Optionally, for each upstream server specify server‑specific parameters including maximum number of connections, server weight, and so on:
upstream stream_backend {
hash $remote_addr consistent;
server backend1.example.com:12345 weight=5;
server backend2.example.com:12345;
server backend3.example.com:12346 max_conns=3;
}
upstream dns_servers {
least_conn;
server 192.168.136.130:53;
server 192.168.136.131:53;
# ...
}
An alternative approach is to proxy traffic to a single server instead of an upstream group. If you identify the server by hostname, and configure the hostname to resolve to multiple IP addresses, then NGINX load balances traffic across the IP addresses using the Round Robin algorithm.

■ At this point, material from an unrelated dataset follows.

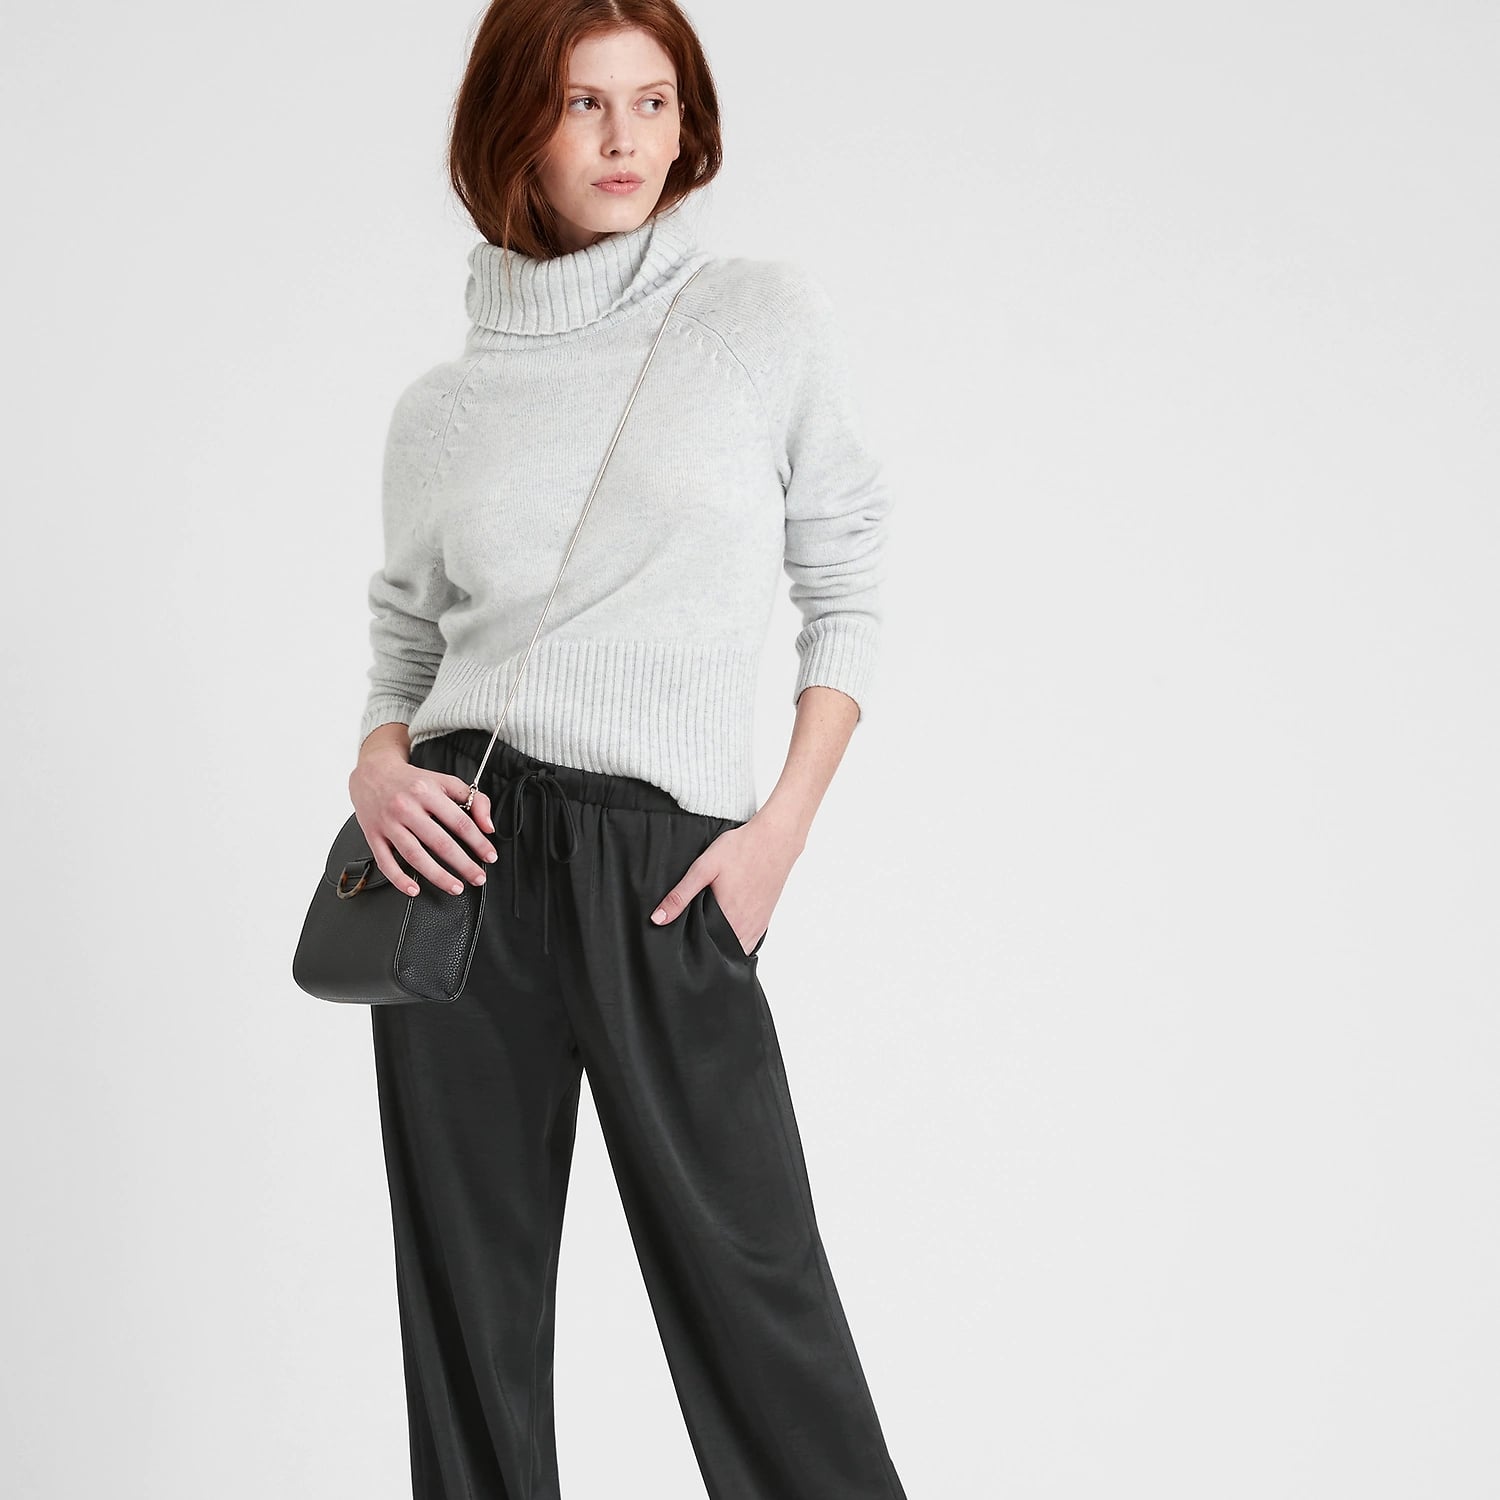 The Most Comfortable Pants For Women From Banana Republic

In this case, you must specify the server’s port number in the proxy_pass directive and must not specify the protocol before IP address or hostname:
stream {
# ...
server {
listen 12345;
proxy_pass backend.example.com:12345;
}
}
Configuring Health Checks
NGINX can continually test your TCP or UDP upstream servers, avoid the servers that have failed, and gracefully add the recovered servers into the load‑balanced group.
See TCP Health Checks for instructions how to configure health checks for TCP.
See UDP Health Checks for instructions how to configure health checks for UDP.